Materials provided ->
::::::::
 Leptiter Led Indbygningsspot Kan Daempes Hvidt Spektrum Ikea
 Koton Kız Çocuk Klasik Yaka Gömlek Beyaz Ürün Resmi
::::::::
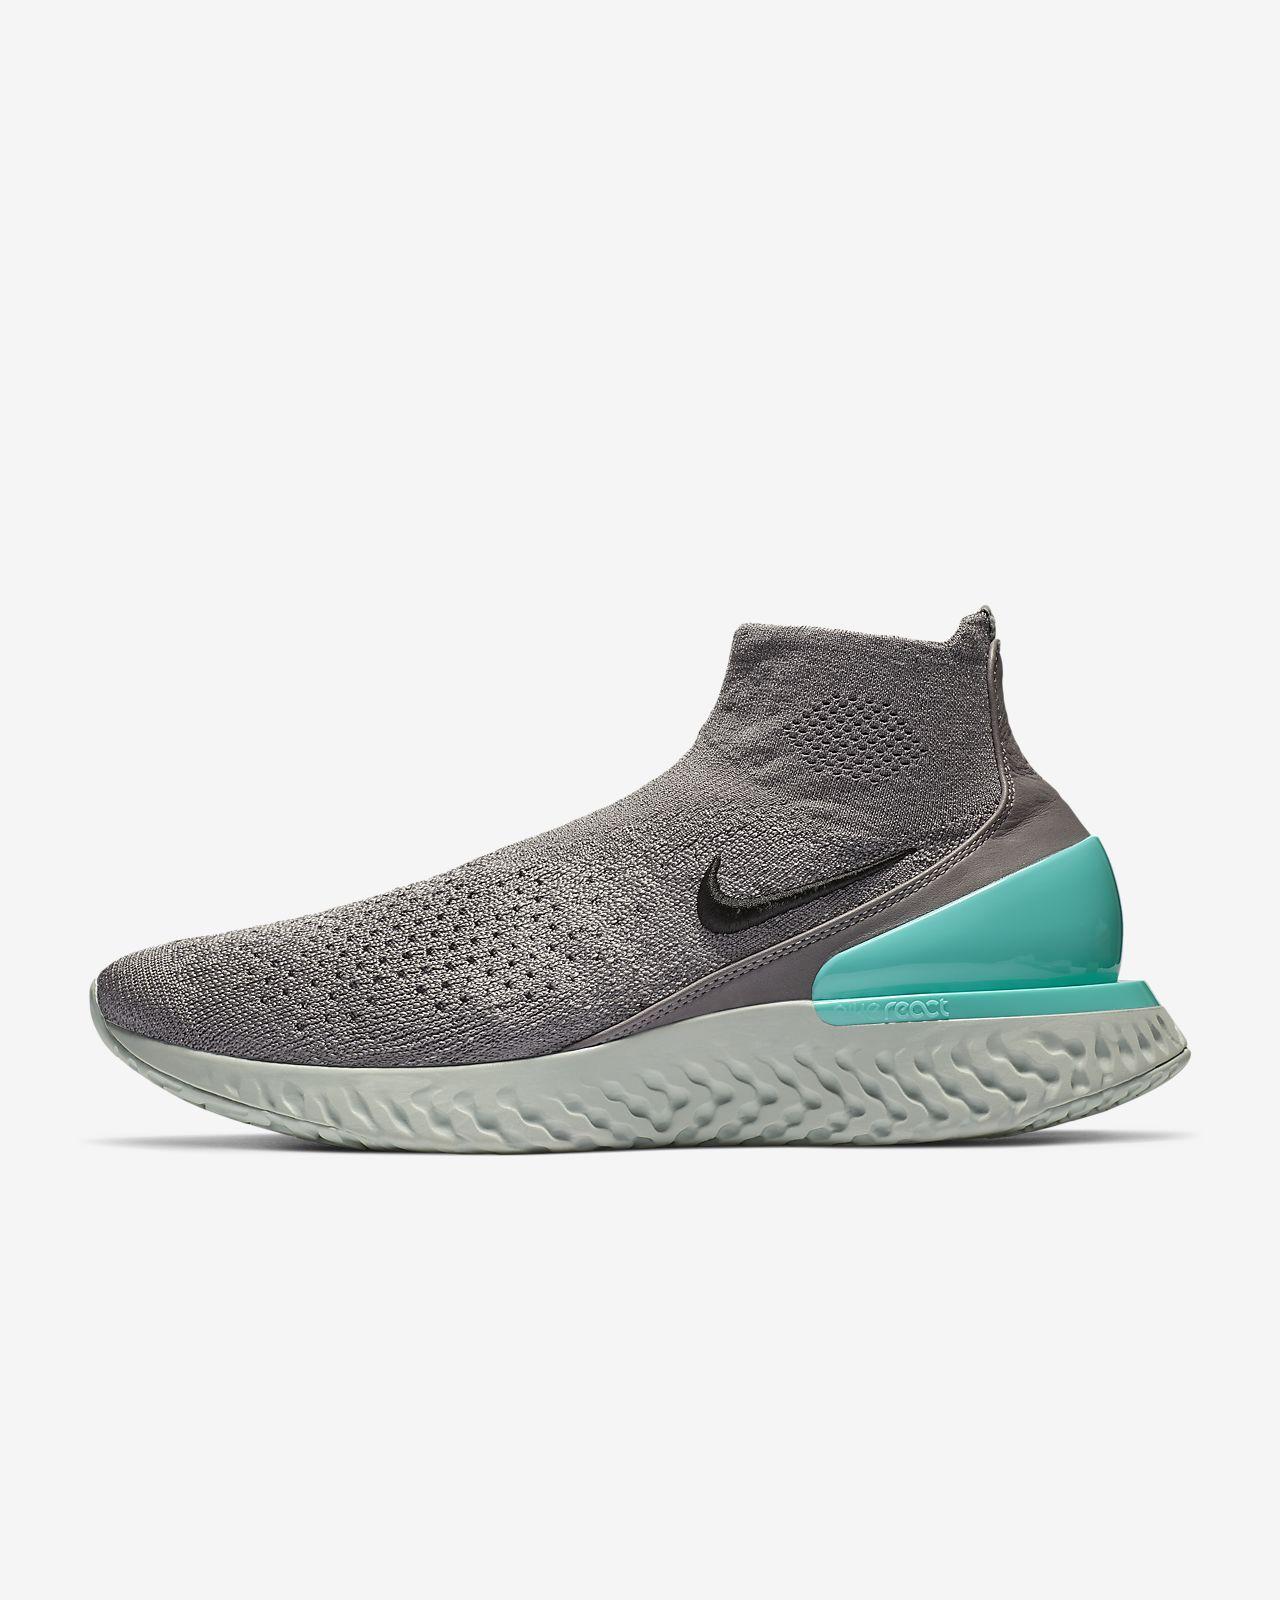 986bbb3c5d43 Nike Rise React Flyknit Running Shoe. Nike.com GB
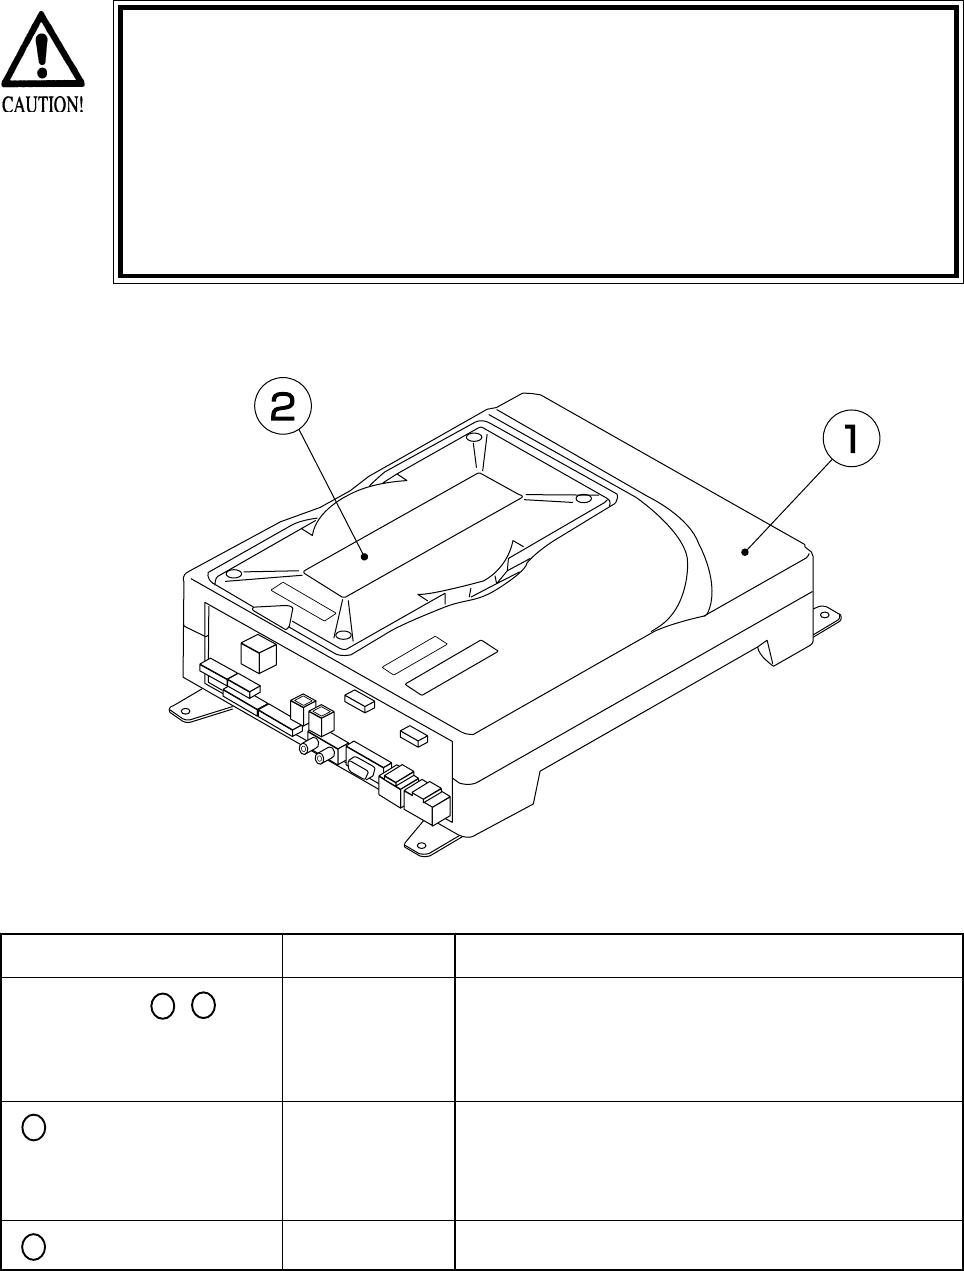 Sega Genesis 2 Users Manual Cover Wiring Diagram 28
::::::::
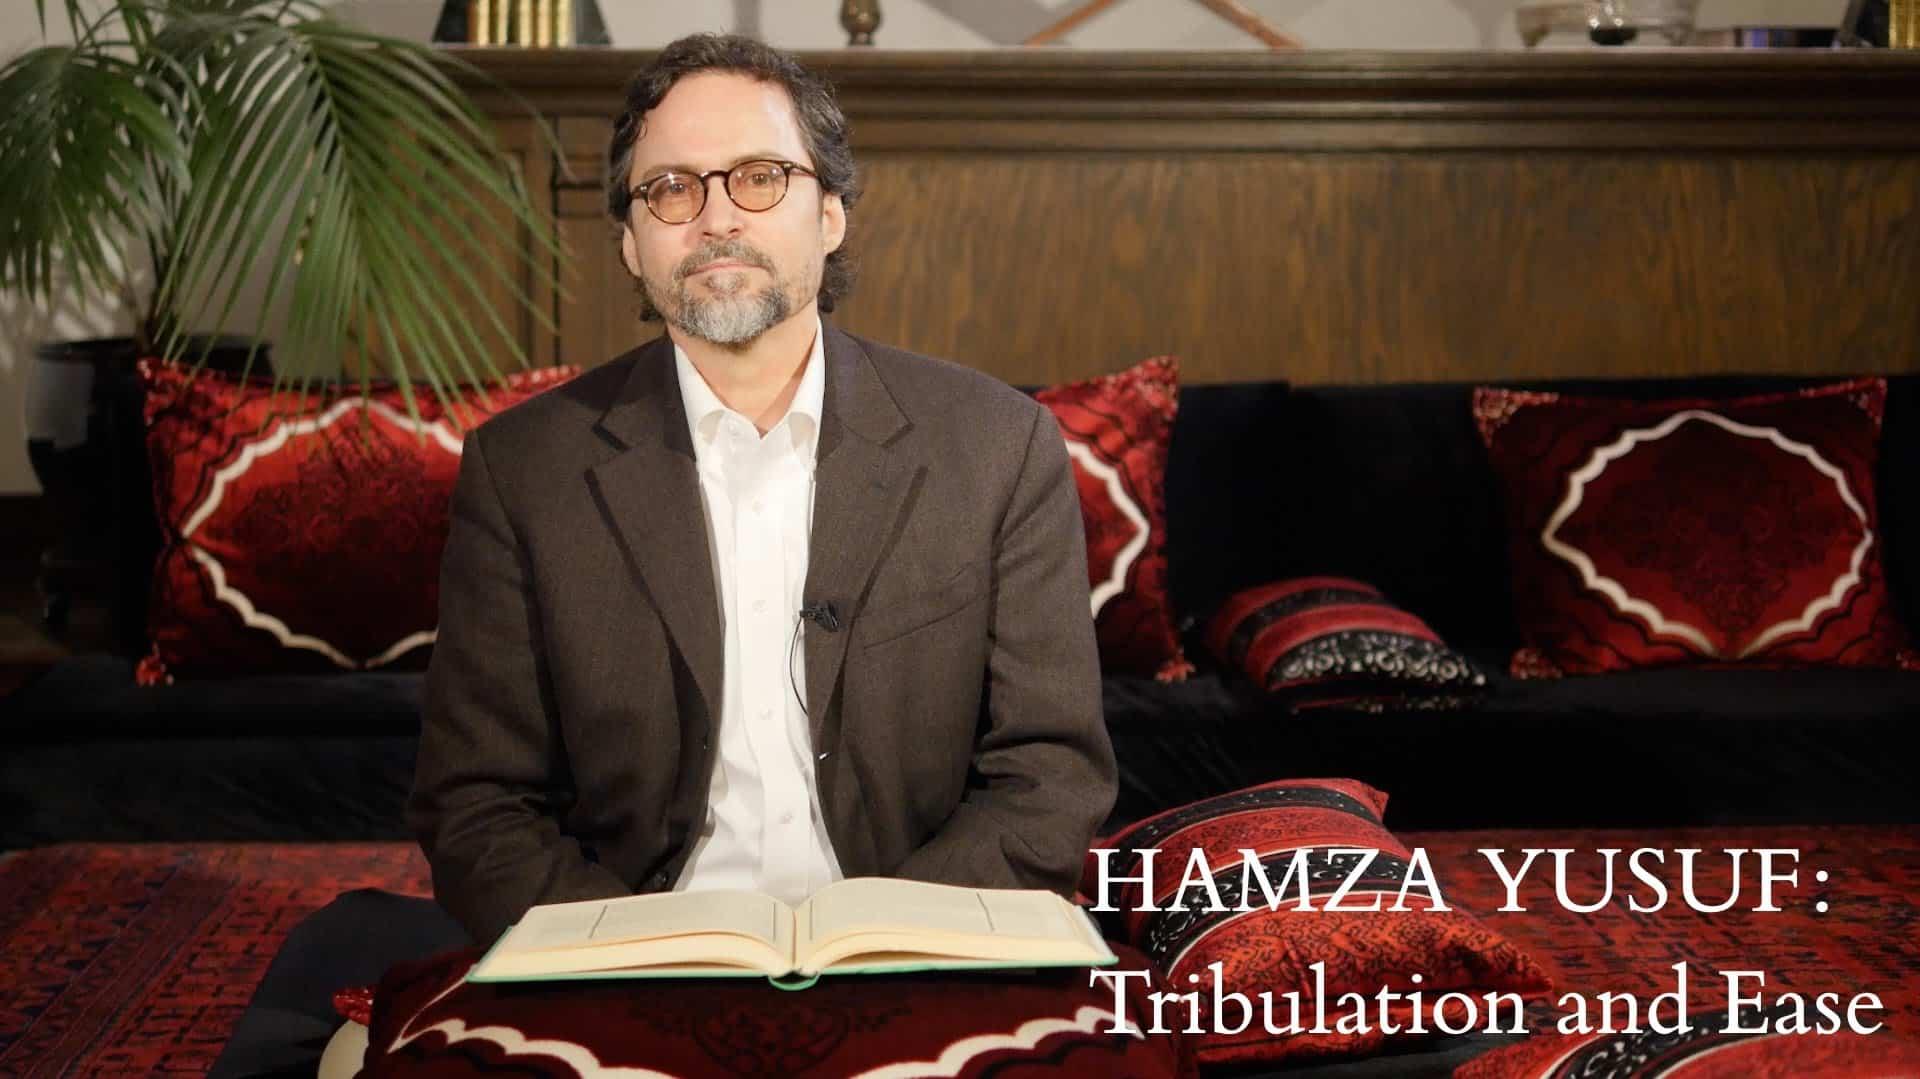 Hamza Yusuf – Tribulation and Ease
::::::::
Task objective -> With the pictures omitted, restate word for word the lines above from the line that has "986bbb3c5d43 Nike Rise" up to and including the line that has "Sega Genesis 2", and no other lines.

Result of the exercise ->
 986bbb3c5d43 Nike Rise React Flyknit Running Shoe. Nike.com GB
 Sega Genesis 2 Users Manual Cover Wiring Diagram 28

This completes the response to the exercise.